Qu’est ce qui rend la vue d’un lac plat, en plein été, si fascinante ? Non pas le calme qui s’en dégage. Non, ce qui accroche le regard, et donc l’attention, c’est la multitude de petits détails qui donnent à ce tableau apparemment sans accroc toute sa dimension : ici un reflet d’une couleur différente, là un oiseau qui perce le ciel, plus loin un squelette d’animal dévoré par des vautours ou encore ce vent chaud annonciateur d’un orage qui ne saurait tarder.

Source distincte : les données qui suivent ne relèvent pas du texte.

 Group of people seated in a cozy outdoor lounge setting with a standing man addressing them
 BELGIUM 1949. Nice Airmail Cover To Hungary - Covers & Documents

The Courage Of Others est fait de cette essence, il scintille de mille feux, à la condition unique de s’y attarder, de s’y plonger corps et âme, et d’accepter de s’y perdre. Comment apprécier autrement toute la grâce de “Fortune”, contrepoint solaire de la si macabre “Winter Dies” ? Dit-on d’un tableau de Pierre Soulages qu’il est noir, car même si c’est vrai, est-ce seulement suffisant ? Non, on le décrit comme utilisant une palette de nuances infinies de noir. Midlake use du même stratagème pour ce disque sépulcral, fouissant le sol pour y receler des trésors inestimables, jouant d’une palette de sons tous plus maussades les uns que les autres mais qui, unis, forment une bâtisse imprenable. Ici une ligne de basse pantelante, là une batterie massive, plus loin une guitare acoustique en perdition, et toujours ce chant suspendu, comme flottant entre vie réelle et imaginaire. On ne saurait que trop se soumettre au pouvoir magnétique de “Children of the Grounds”, ou se coucher au pied de “Bring Down”, cette ballade infiniment désespérée, illuminée par la voix de la séraphique Stephanie Dosen. Il conviendrait même de s’appesantir sur l’évidente majesté de “Acts of Man”. On pourrait ainsi détailler le moindre titre, contredisant au passage le reproche principal fait à cet opus qu’il ne contient aucun tube : si c’est vrai, en quoi cela est-il indispensable dans la mesure où il se suffit largement à lui-même ?
Bien sûr, The Courage Of Others se mérite, demande une attention que notre époque n’autorise plus vraiment, s’inscrivant à contre-courant de cette absolue nécessité de pouvoir être écoutable en shuffle sur son iPod. C’est même un vrai album comme on n’en avait pas entendu depuis bien longtemps, auquel seul le carbone 14 rendra pleinement justice. Mais sans être une pierre angulaire, il n’en reste pas moins un grand disque, où sagesse et désarroi s’affrontent jusqu’au sang, qui assume sa part d’ombre et rechigne à flirter avec ses congénères. Il s’agit là d’une oeuvre assumée, majeure sans être majuscule, et qui résistera aux railleries ou au reniement. On est prêt à prendre le pari, ici et maintenant.